1. Pilih Warna Gelap untuk Paparan Sinar Matahari

Jika tandon ditempatkan di luar ruangan dan terkena sinar matahari langsung, pilih warna gelap seperti biru tua, hijau tua, atau hitam.

Keunggulan warna gelap:

  • Menghambat pertumbuhan lumut dan alga.
  • Mengurangi penetrasi cahaya matahari ke dalam tandon.
  • Menjaga kualitas air tetap bersih lebih lama.

Cahaya matahari yang masuk ke dalam tandon dapat memicu pertumbuhan mikroorganisme, terutama jika air jarang dikuras.

2. Gunakan Tandon Berlapis Anti-UV

Selain warna, pastikan material tandon memiliki lapisan anti-UV. Fitur ini dapat membantu mencegah beberapa hal. Seperti:

  • Air cepat panas.
  • Dinding tandon rapuh akibat paparan matahari.
  • Perubahan warna dan bau pada air.

Biasanya tandon berkualitas memiliki 2–3 lapisan material, termasuk lapisan pelindung sinar UV dan lapisan food grade di bagian dalam.

3. Pertimbangkan Estetika Lingkungan Rumah

Jika tandon terlihat jelas dari luar, warna netral bisa dipilih agar selaras dengan desain rumah. Namun, fungsi tetap harus menjadi prioritas utama dibanding tampilan.

Cara Memilih Penempatan Tandon Air Sesuai Kebutuhan

Cara Memilih Penempatan Tandon Air Sesuai Kebutuhan

Lokasi pemasangan tandon sangat menentukan tekanan air dan efisiensi distribusi. Untuk mendapatkan tekanan air yang stabil, ada beberapa cara yang bisa diterapkan. Yaitu:

1. Letakkan di Tempat Lebih Tinggi

Sistem gravitasi adalah metode paling umum untuk distribusi air rumah tangga. Semakin tinggi posisi tandon, semakin besar tekanan air yang dihasilkan tanpa bantuan pompa tambahan.

Idealnya:

  • Tandon diletakkan di atas dak rumah atau menara besi.
  • Ketinggian minimal 2–3 meter dari titik keran tertinggi.

Dengan cara ini, aliran air tetap stabil meskipun listrik padam.

2. Pastikan Permukaan Rata dan Kokoh

Tandon harus diletakkan di atas permukaan datar dan kuat. Permukaan miring dapat menyebabkan:

  • Tekanan tidak merata pada dinding tandon.
  • Risiko retak atau bocor dalam jangka panjang.

Jadi, gunakan rangka baja ringan atau beton bertulang yang dirancang khusus untuk menopang beban berat.

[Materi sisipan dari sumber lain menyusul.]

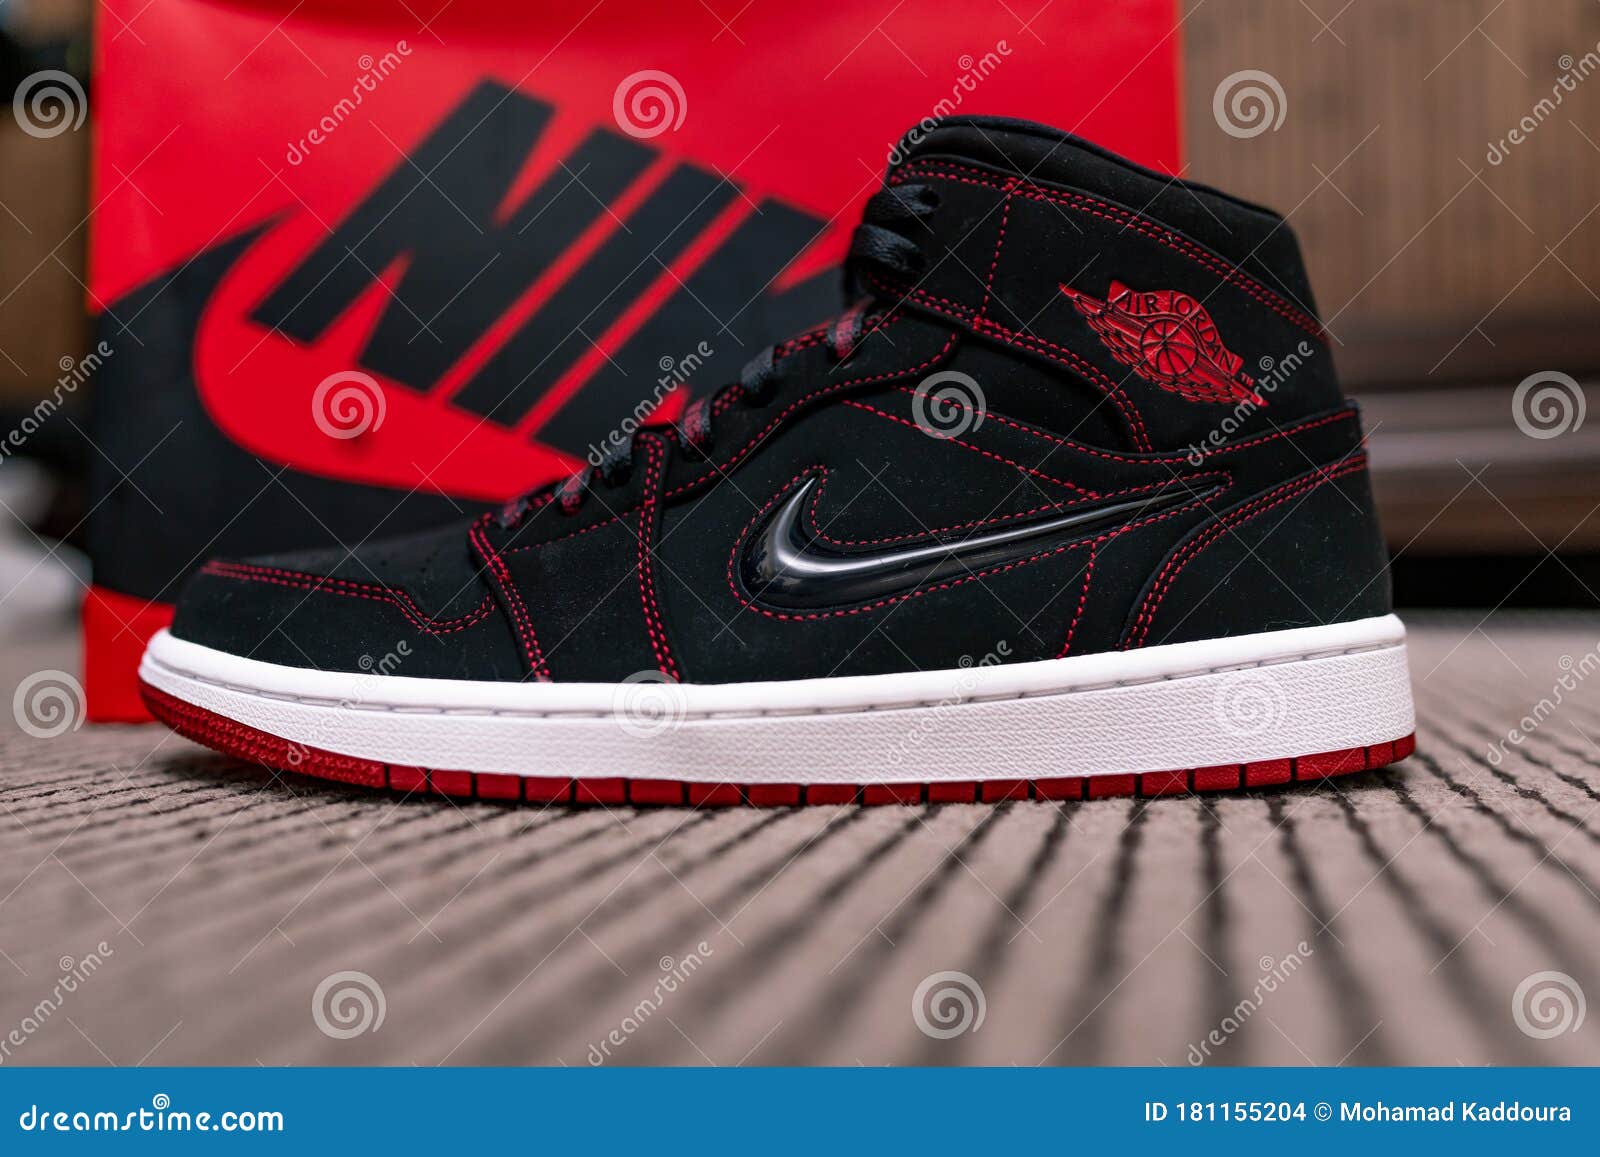 Nike Jordan Rojo Negro Y Blanco 1 23 Zapatillas De Baloncesto Cultura Puntos Michael Jordan Chicago Toros Imagen de archivo editorial - Imagen de miguel, bombo: 181155204

3. Mudah Diakses untuk Perawatan

Tandon perlu dibersihkan minimal setiap 3–6 bulan sekali. Oleh sebab itu, diperlukan lokasi yang mudah dijangkau, aman untuk proses pembersihan, dan tidak terlalu sempit atau tertutup. Perawatan rutin ini akan membantu menjaga kualitas air dan memperpanjang usia pakai tandon.

4. Perhatikan Jarak dengan Sumber Panas dan Limbah

Memperhatikan jarak tandon dengan sumber panas dan limbah juga tidak kalah penting. Sebaiknya, hindari menempatkan tandon dekat cerobong asap, saluran pembuangan, dan sumber bahan kimia. Hal ini untuk mencegah kontaminasi air dan menjaga keamanan penggunaan.

Untuk informasi lebih lanjut Raja Tandon, silahkan klik tombol di bawah ini ya!

Shopee

Tokopedia

Penutup

Memahami cara memilih tandon air sangat penting agar kebutuhan air rumah tangga selalu tercukupi. Perhatikan kapasitas sesuai jumlah penghuni, pilih warna yang melindungi dari sinar matahari, dan tentukan penempatan yang aman serta strategis.

Dengan perencanaan tepat, tandon air akan lebih awet, higienis, dan efisien digunakan. Terima kasih sudah menyimak dan sampai jumpa lagi dengan informasi menarik lainnya.